The evidence also suggests that the exchange rate responded to shocks in commodity prices in a stabilizing way. An increase in the U.S. dollar price of commodities is correlated with an offsetting appreciation of the Canadian currency. Impulse responses based on vector autoregressions show that the Canadian dollar appreciates in the long run, in both real and nominal terms, in response to a permanent increase in the U.S. dollar price of non-energy commodities.11 Almost 90 percent of the real adjustment is achieved by a change in the nominal exchange rate. Under a fixed exchange regime, the same real exchange rate adjustment would have to be achieved through a change in the Canadian price level, which presumably would be more disruptive for economic activity. The statistical evidence is supported by the experience during episodes in which Canada was hit by large asymmetric shocks. In 1998, for example, Canada suffered a substantial drop in commodity prices, as a result of the crisis in Asia and other emerging economies. The Canadian economy weathered the shock in part through a significant depreciation of the currency that mitigated the impact of the shock for Canadian exporters of primary commodities and commodity-based goods, and encouraged net exports of manufactured goods. Under a fixed exchange rate, Canadian exporters would have faced a much larger decline in the nominal demand for their products, while the Canadian monetary authorities might have had to increase interest rates to defend the fixed peg, possibly generating a recession (Laidler, 1999).

Although the benefits of exchange rate flexibility for macroeconomic stabilization in Canada may be large, they are difficult to quantify precisely. A recent study by the Bank of Canada takes a first step in this direction (Macklem et al. (2000)). The study compares the implications of different monetary and exchange rate regimes in terms of macroeconomic volatility, using simulations based on a stylized dynamic general equilibrium model with sticky nominal wages and calibrated using Canadian data. The simulations assume that the pattern of variation in the Canadian terms of trade mirrors the historical volatility of the relative price of non-energy commodities and manufacturing imports. The impact on output of the high volatility observed in the relative price of non-energy commodities and manufacturing imports is mitigated by the flexibility of the nominal exchange rate. If the floating regime is abandoned in favor of a fixed exchange rate, the study concludes that the volatility of macroeconomic variables would increase significantly.
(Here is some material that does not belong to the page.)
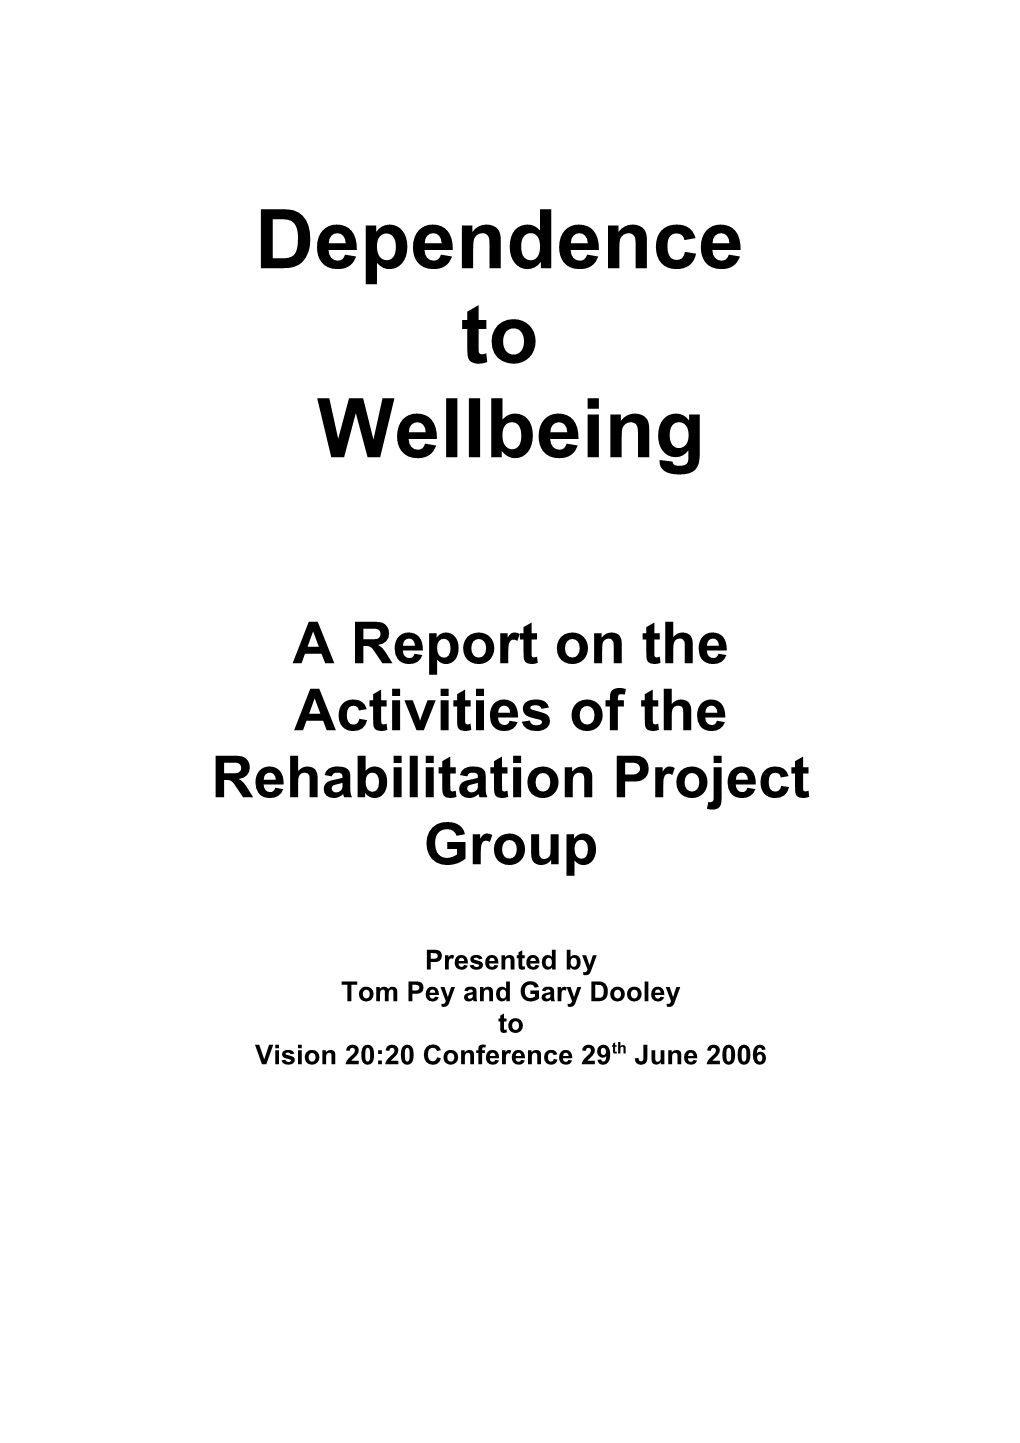 Dependence to Well Being: a Report on the Activities of the Rehabilitation Project Group

Switching from a floating regime with inflation targeting to a fixed exchange rate regime increases the volatility of aggregate income from 2.2 percent to 3.2 percent, because the nominal exchange rate can no longer be used to buffer the shocks in commodity prices.

In addition to its role in buffering external shocks, exchange rate flexibility has been useful in the adjustment to long-term trends in Canadian competitiveness. Under a fixed exchange rate, such an adjustment might have led to deflationary pressures in the Canadian economy. Since the end of the Bretton Woods system, the Canadian dollar has depreciated by around 1½ percent annually in real terms relative to the U.S. dollar. The depreciation was due in part to the secular decrease in the price of commodities and the slower pace of productivity growth in the traded-goods sector in Canada relative to the United States. The economic adjustment to these long-run trends has been achieved primarily by a nominal depreciation of the Canadian dollar. If the nominal exchange rate had been fixed, the same real depreciation would have required a lower inflation rate in Canada. As a result, some periods in which the Canadian inflation rate was very close to zero could, under a fixed exchange rate, have been marked by deflation, complicating the task of monetary policy because of downward rigidity in nominal wages and the zero bound on nominal interest rates.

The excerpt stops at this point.